SÃO PAULO: Água pode acabar em novembro, diz presidente da Sabesp

A presidente da Companhia de Saneamento Básico do Estado de São Paulo (Sabesp), Dilma Pena, afirmou na manhã desta quarta-feira, 15, em depoimento na Câmara Municipal, que a água vai acabar na cidade de São Paulo “em meados de novembro” caso o regime de falta de chuvas se mantenha na região. Ela disse contar, no entanto, com a volta das chuvas após o dia 20 e com obras para a captação da segunda cota do volume morto no Sistema Cantareira para evitar o desabastecimento generalizado.

A afirmação foi feita após críticas dos vereadores Nelo Rodolfo (PT) e Ricardo Tripoli (PV) de que Dilma não fazia afirmações claras e objetivas sobre as perguntas feitas pelos vereadores, durante sessão da Comissão Parlamentar de Inquérito (CPI) aberta para investigar a falta de água.

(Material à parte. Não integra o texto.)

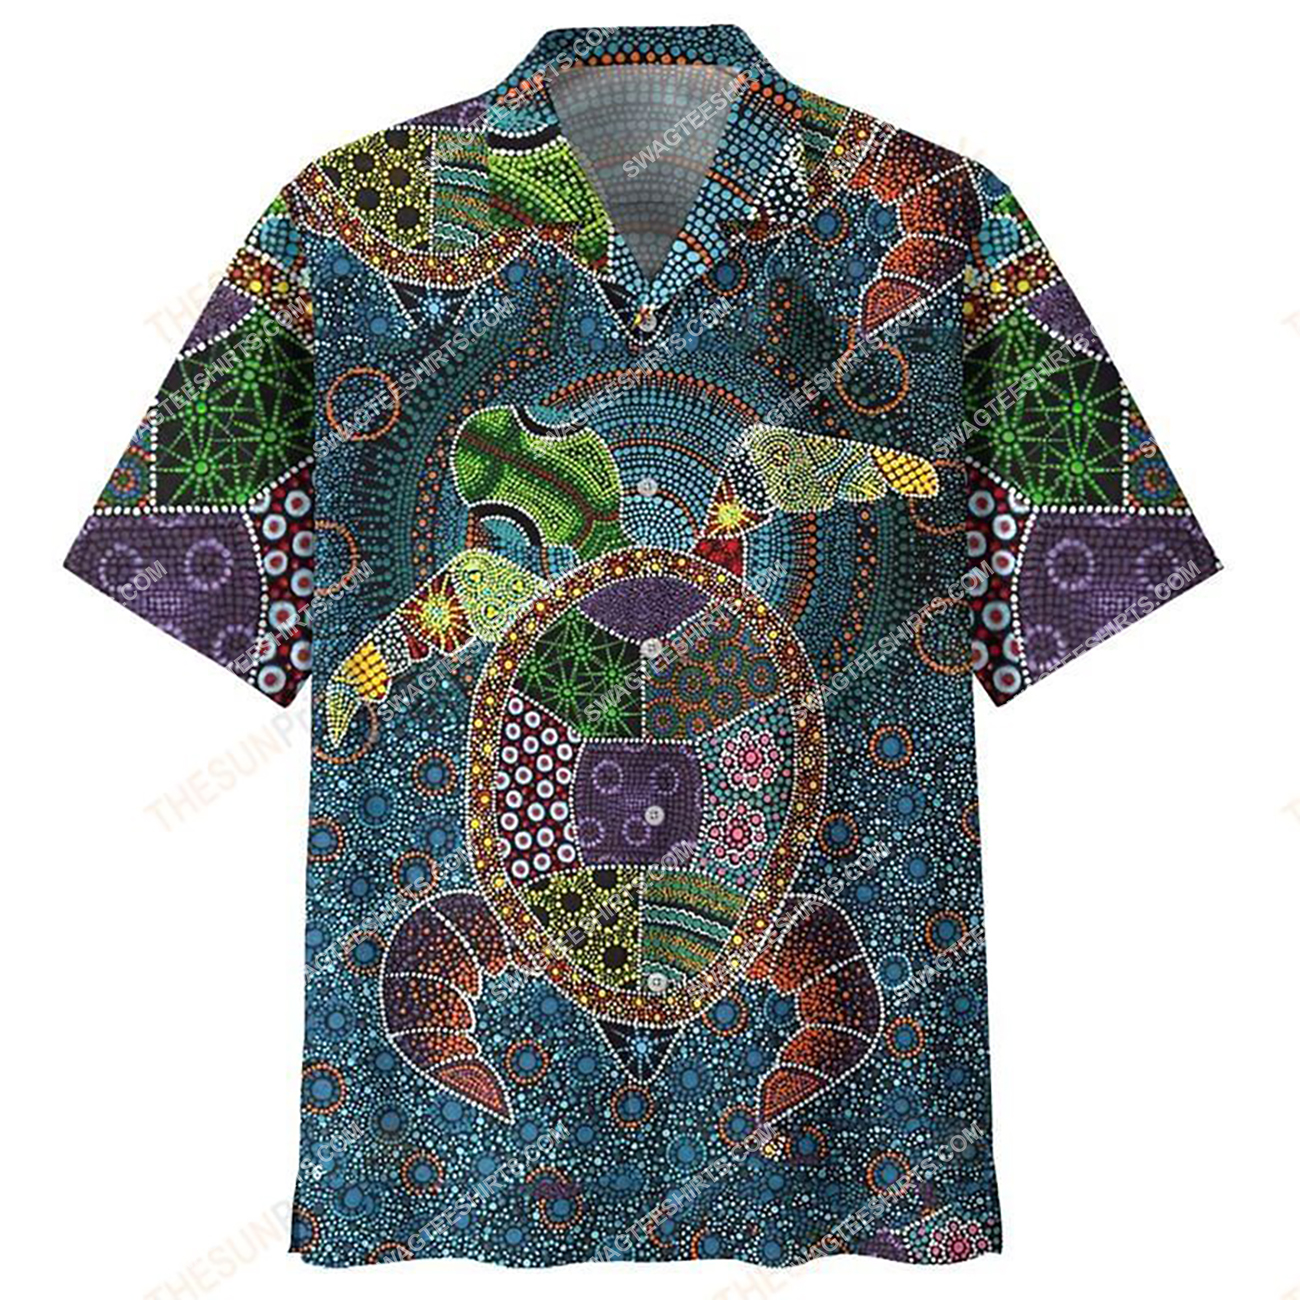 vintage sea turtle all over printed hawaiian shirt 1(3) - Copy

Pena também foi criticada pela falta de transparência da empresa perante a população diante da crise. Ela argumentou que algumas peças publicitárias haviam sido barradas pela Justiça Eleitoral. “Não podíamos falar a palavra ‘seca’. Só alertar para a economia. Não podíamos falar da gravidade da situação”, argumentou.

“Não estamos falando de publicidade de massa, mas de comunicação avisando bairro que ficaria sem água, por qualquer motivo, para que possa se programar”, disse o vereador José Police Neto (PSD).

Pena disse que os problemas têm sido informados. E atribuiu a falta de água espalhada pela cidade a dois problemas técnicos de grandes proporções no último fim de semana, na região de Americanópolis, na zona sul, e da Avenida Brigadeiro Luís Antônio, na região central.

A comissão continuava em andamento até o meio-dia desta quarta-feira.